Chrome Inspector and Firebug

These days browsers have very powerful tools in them. I like to use Chrome Inspector a lot. It comes with a simple JavaScript console and allows me to tweak the structure of the page I am editing. Longer term we will see a better integration between Inspector and editors. I cannot await to see that day myself.

Firebug is something more or less equivalent for Mozilla Firefox. There is also a light version available you can embed on your site even. This may be useful for developing on mobile although there are likely better solutions available.

It is very much worth your while to learn to use these tools. They allow you to inspect, modify and learn very fast. They are still quite isolated from actual editors but as I mentioned the future might be more integrated.

LiveReload

As a web developer you have likely hit ctrl-r or a similar shortcut enough. Fret not! You can escape this by using a solution such as LiveReload. By using it the browser will refresh itself. Technically it is quite simple. On browser side you have a plugin which communicates with a server that watches the files you modify. When a file has been modified (and saved) it will trigger refresh. In case of LiveReload changes made to CSS are made on the page without a refresh allowing fast iteration.

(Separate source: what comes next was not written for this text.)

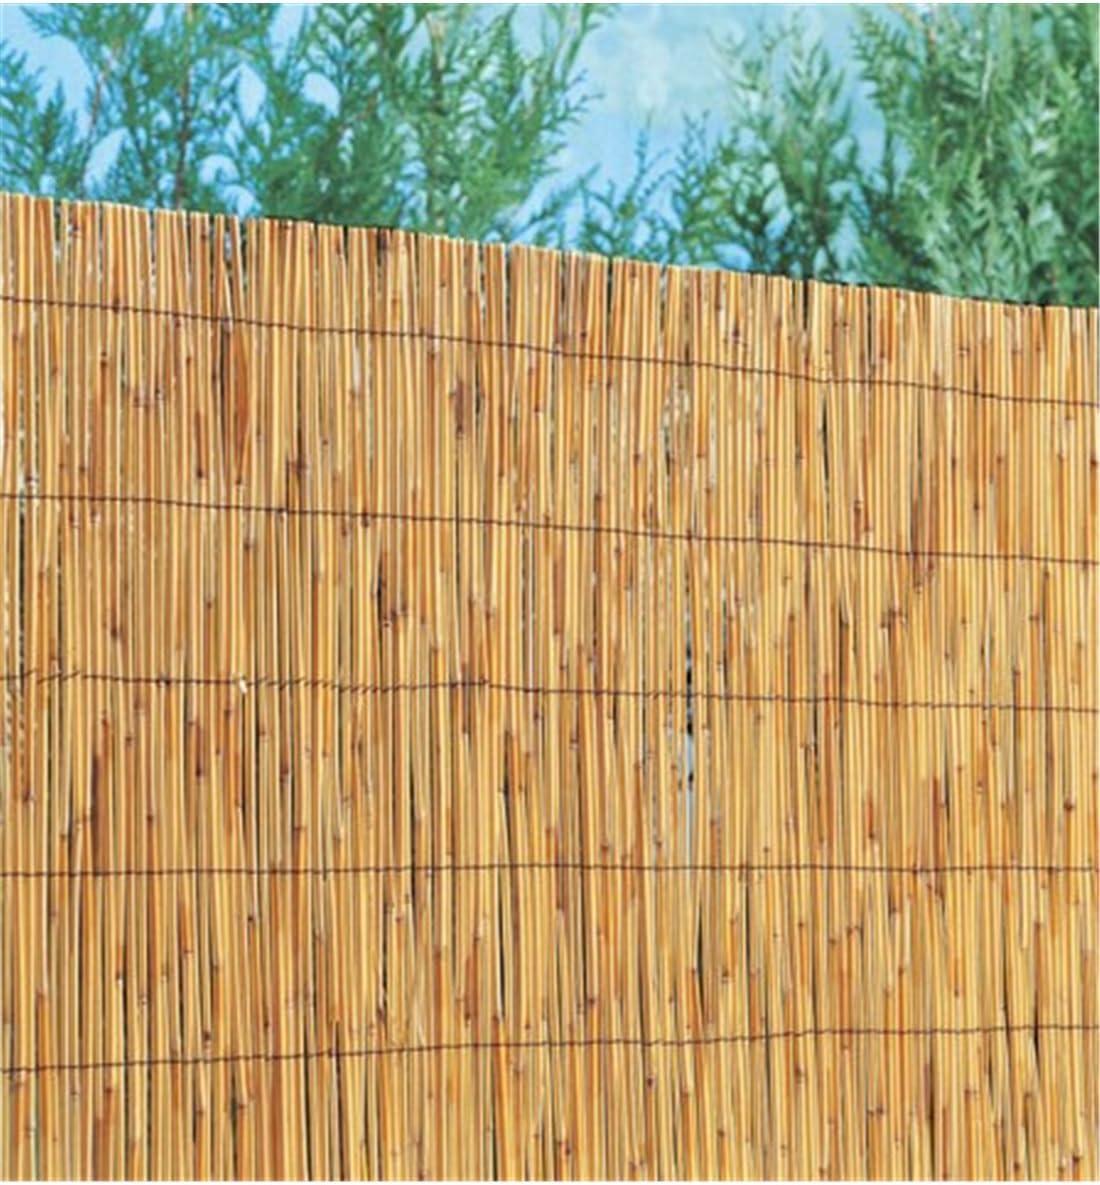 Faura - Bambú Chino Pelado Fino: Amazon.es: Jardín

I know it might sound like a small thing. In practice small things such as this count, though, and allow you to focus on the essential rather than refreshing the page while you are iterating.

JSLint and JSHint

JSLint and its less opinionated cousin JSHint generate a bunch of warnings. At times these helpers reveal actual issues so you had better take their advice to the heart. I like to use JSHint as it doesn't complain too much but when it's not for nothing. There are plugins available for many editors. It is possible to use the tools as standalone (as a part of your build even).

If you value your time take advantage of these sort of tools. Given JavaScript is so very loose by definition these tools make it a bit less possible to abuse it. You will still run into issues at times but at least these allow you to eliminate some of the most foolish ones. Don't be a fool, use a proper tool.

jsFiddle, jsbin, jsdo.it and co.

Services such as jsFiddle, jsbin and jsdo.it form an entire category of their own. These are development tools that operate directly within your browser. Sometimes I use them to prototyping solutions. Nothing is more fun than the type of interactive development they allow.

The tools are a bit lacking on collaborative department. It is not possible to modify the same code at the same time yet. Also the way they deal with versioning can be a bit interesting. Cloud9 IDE is a solution that aims to fix these problems.

Cloud9 IDE

Web development belongs to web. At least that what the Cloud9 guys seem to believe. Their service integrates well with GitHub and allows you to do more serious development in web. I don't use their service actively but it seems there might be some kind of a future for services such as this. There is something innately powerful in the concept.

Conclusion

In this brief chapter I went through various tools I like to use in my development work. Proper tooling makes a huge difference for a web developer. Besides productivity gains these tools enable development on a different level altogether.